Long term, we might have to be prepared to fight again. Heaven forbid, but we may have to save blood at home by spilling it abroad. The war in Iraq might have turned George W. Bush's name into a dirty word, but let's face it, if you have an enemy whose soldiers you can't identify once they leave home, but you know where they are being indoctrinated, recruited, and trained, isn't it a good idea to go fight them there? No, we don't at present have any intelligence connecting Mohamed Lahouaiej Bouhlel (the truck driver in Nice) to ISIS. Not so with earlier attacks in Brussels, Paris, and elsewhere.

All the facts aren't in
It's important to say that at the time of this writing, it is not yet generally known what motivated Bouhlel to such an unspeakable act. His neighbors claim he was depressed and going through a divorce. His wife's cousin says he took drugs and never went to mosque. So, obviously, it is an assumption at this point to call what he did an act of jihadi violence. It would be very surprising to me, however, if Bouhlel's willingness to kill dozens of innocent people, including women and children, was unconnected to a radical Islamist world view. The place and time of his chosen attack seem to support this assumption. Certainly ISIS itself has taken his motivations as a given and are celebrating his evil actions.

Appeasement is worse than doing nothing
It's time to stop apologizing to Islamists (those who support the violent installation of Sharia law) for the foreign policy of previous administrations, time to stop negotiating with state sponsors of terror like Iran, Syria, and the Palestinian Authority, time to stop giving those who would install Sharia in the West a pass as merely having a difference of opinion.

Western Civilization is a threat to Islamism
This is an existential struggle.

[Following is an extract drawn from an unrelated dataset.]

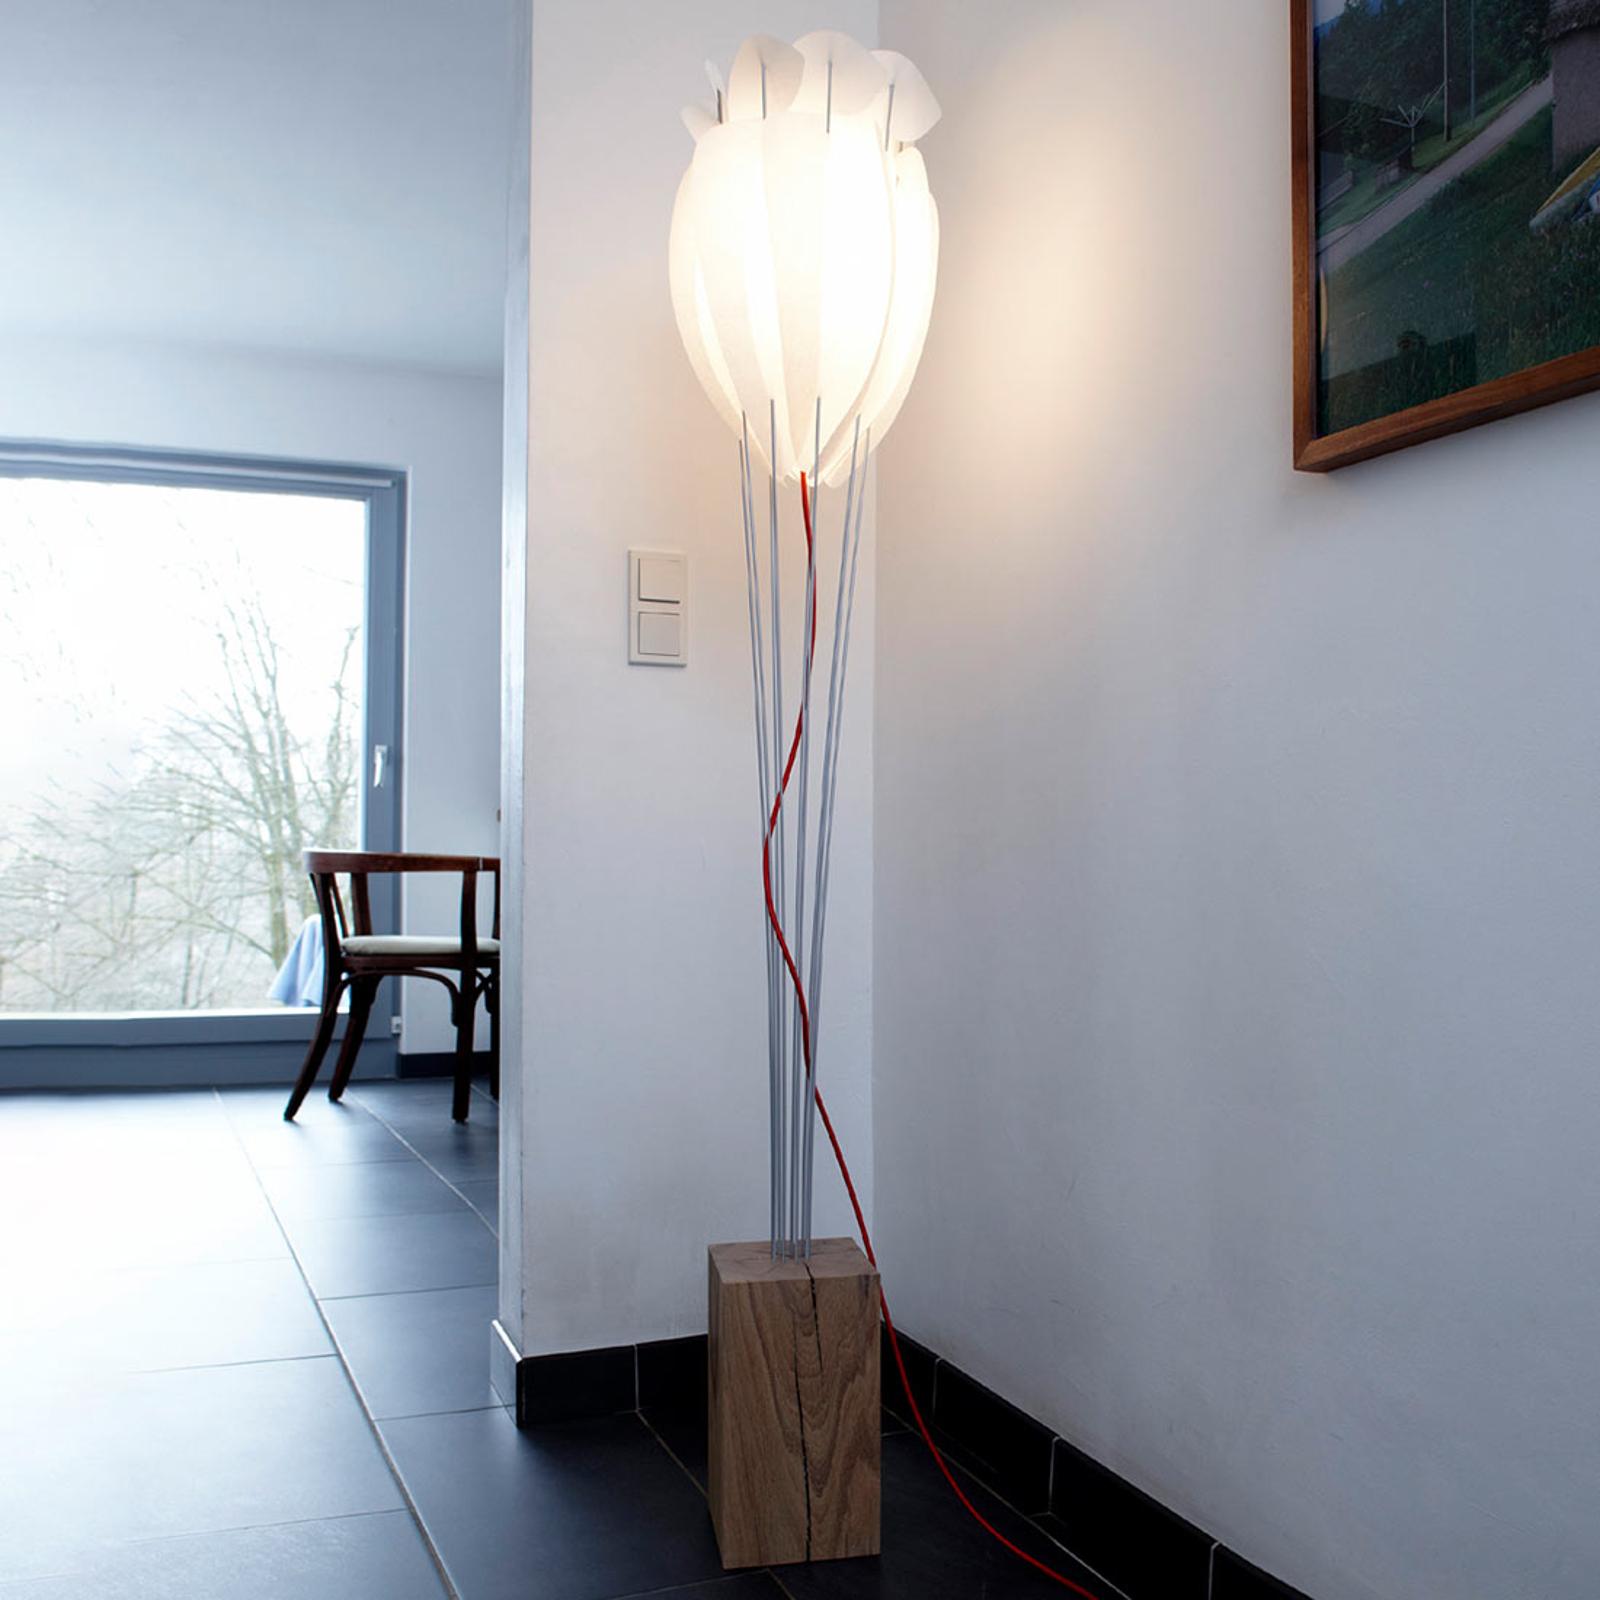 Hvit Tulip gulvlampe i eik og med rød kabel
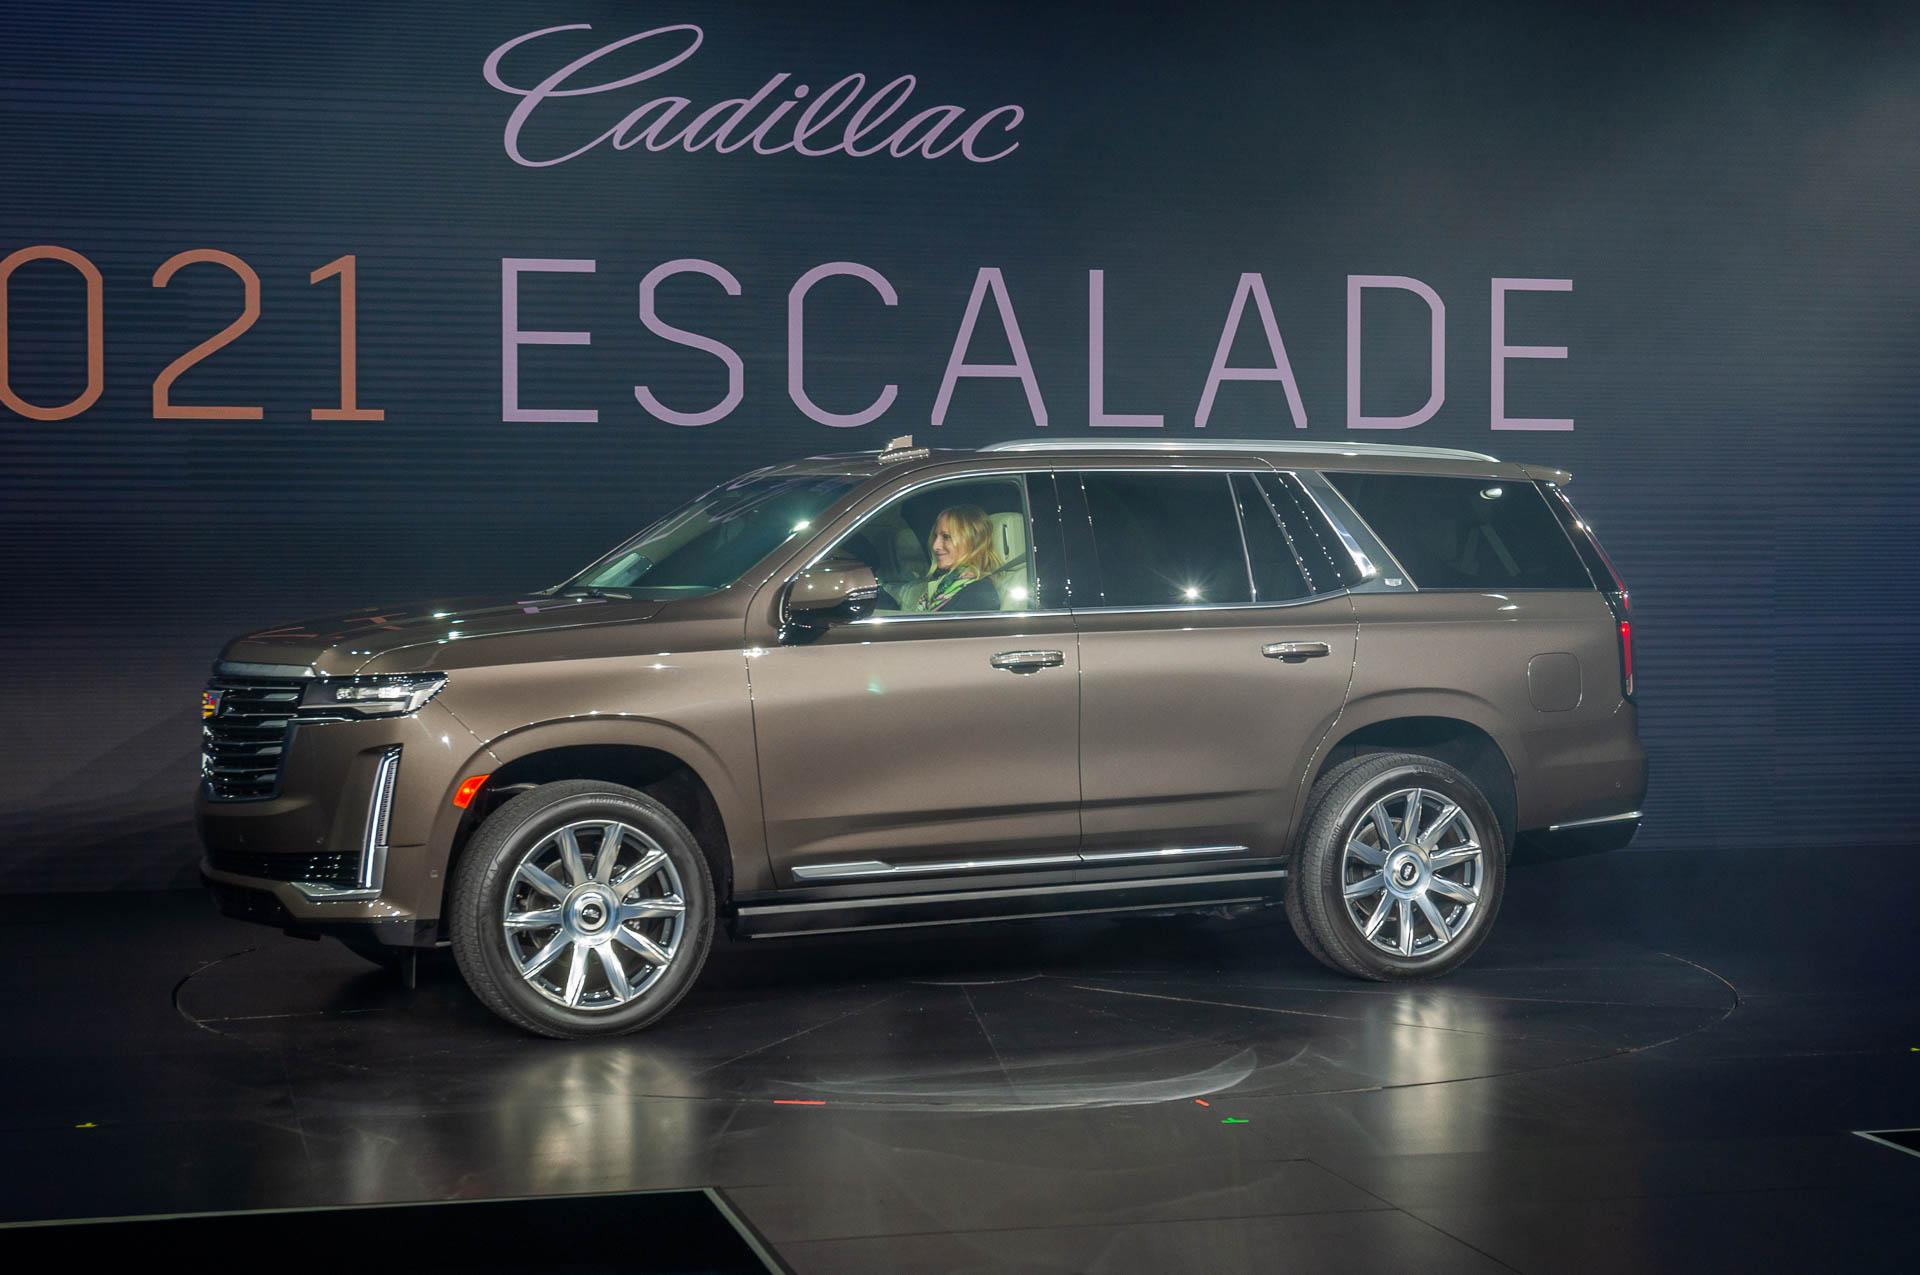 2021 cadillac escalade luxury suv starts at 77490 up

It begins when we, Western Civilization, all of us, Christians, Muslims, Jews, Atheists, and others, deny the lie of multiculturalism and finally admit, that, yes, we've got a pretty good thing going here. Western Civilization, and its three main pillars, capitalism, representative democracy, and religious freedom, are better than their alternatives around the world, especially the many countries now under Sharia law. We must learn and advocate the ideas that made our society (and our country) great. Otherwise, we can't battle the ideas that radicalize too many vulnerable people, especially young Muslims, and turn them into terrorists. We can no longer afford to believe all philosophies are created equal. Certainly Islamists are not making that mistake.